Minseok laughs at that, the stubborn determination Junmyeon is retaining even through this while he himself still feels like a blank canvas, stowed away after hours, days of being stared at. Wonders why he'd assumed they'd part ways, never meet again. There's a solidity to Junmyeon he's always appreciated, but they were barely ever more than strangers, and now, with the string gone—there's nothing left, a joint hospital stay aside.
"Okay," he says. When he looks at Junmyeon, there's unmasked surprise on his face.
Junmyeon squints at him, like he needs another confirmation. "That's all it takes, me being rich?"
Neither of them are, Minseok knows. All the money they're getting out of this—the taxes are hefty, the approval letters were expensive, they both have debts to pay off, and Minseok will consider himself lucky if he can replace Tan's cat tree or even parts of it after.
"You pay," he says.
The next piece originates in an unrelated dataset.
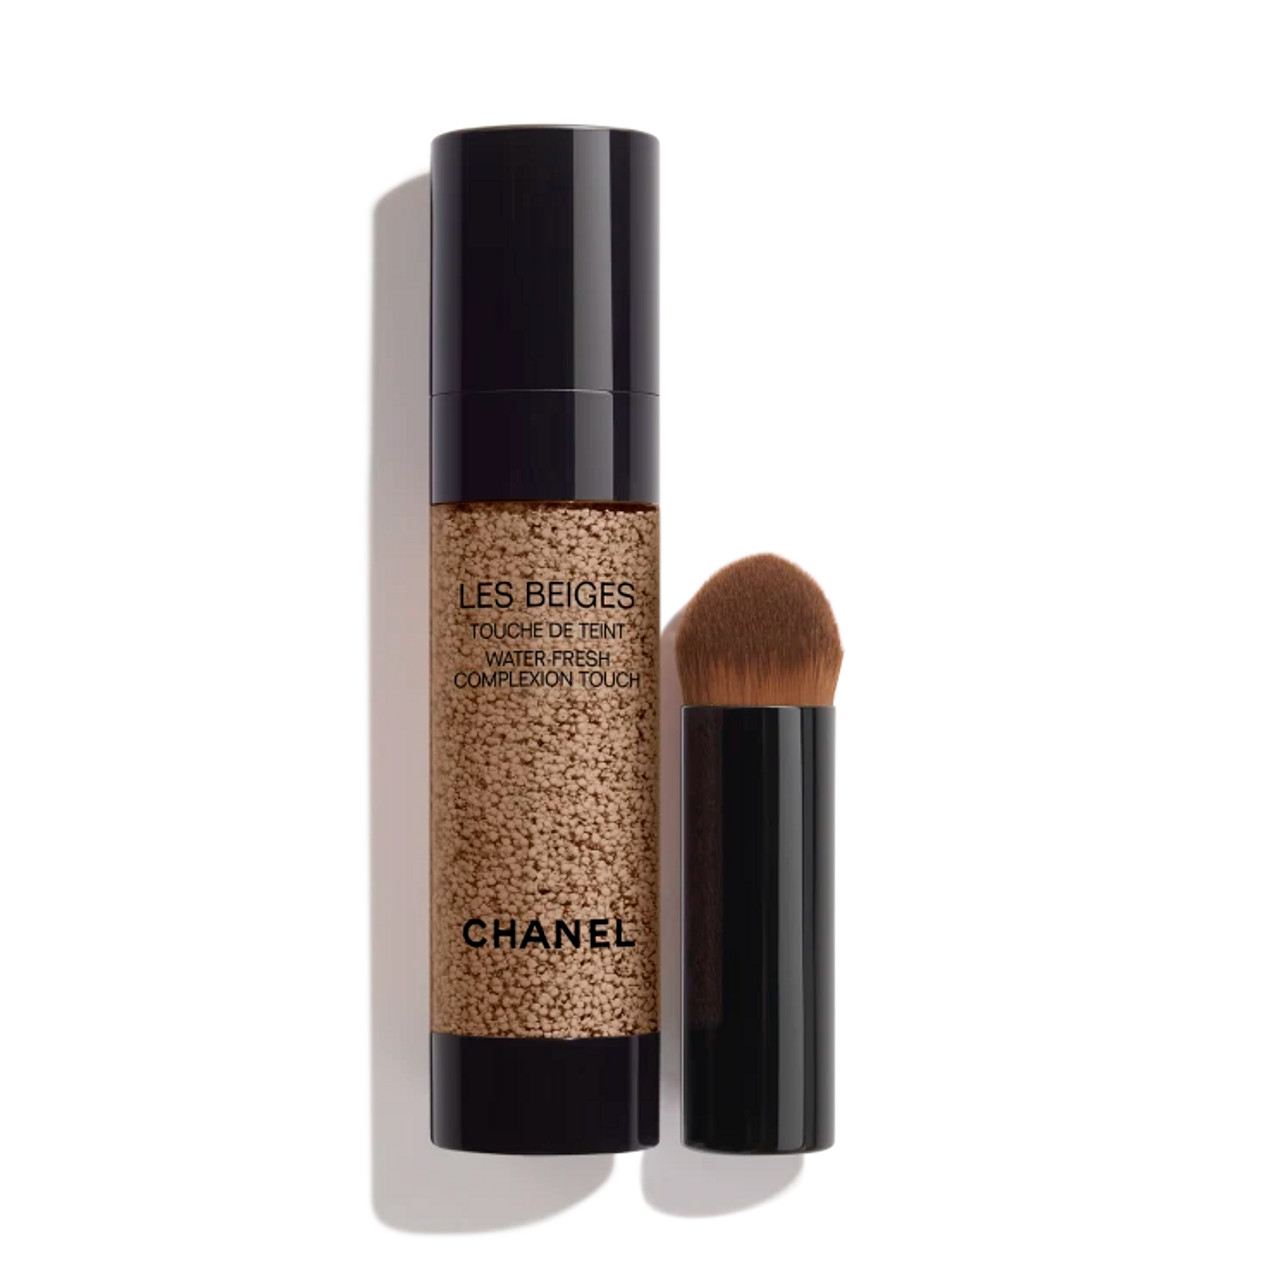 make-up-and-skin-care faces Chanel Les Beiges Touche De Teint Water-Fresh  Compelxion - B30 Faces

He won't let him, but he wants to see—the pout, wants to see how easily Junmyeon will agree. It's not a lot, but he wants Junmyeon to want this. He doesn't have to wait long for his answer, and he's surprised when Junmyeon reaches out, into his space, reaching for the collar of his jacket after Minseok's stepped closer, turning it up so it blocks the cold wind.
"I'll pay, and I'll pick where we're going," Junmyeon says. "Noraebang."
“Think you can sing your way into my heart?” Minseok asks, smiling into the collar.
“I’d certainly like to try.”
Junmyeon reaches out again, boldly, this time over Minseok’s shoulders to pull his hood up and tie the drawstring, and Minseok wonders if he’d tuck him into a bed, had he one on hand. The ring Junmyeon’s been wearing to cover his thread still sits on his pinkie finger, glinting when it catches the sun.
“I’m not walking home, you know,” Minseok tells him. He likes the attentive way Junmyeon looks at him now, like he’s so much more than an illusion without the apprehension of the soulbond, a person, entire and whole for themselves, blending into the fog distance once he leaves.
“Stay warm,” is all Junmyeon has to say.
Minseok watches him hurrying over to the car that had been sounding its horn since they walked past the gate, and when Junmyeon turns around to wave one last time before he climbs into the car, he thinks he’d like to hear it again soon.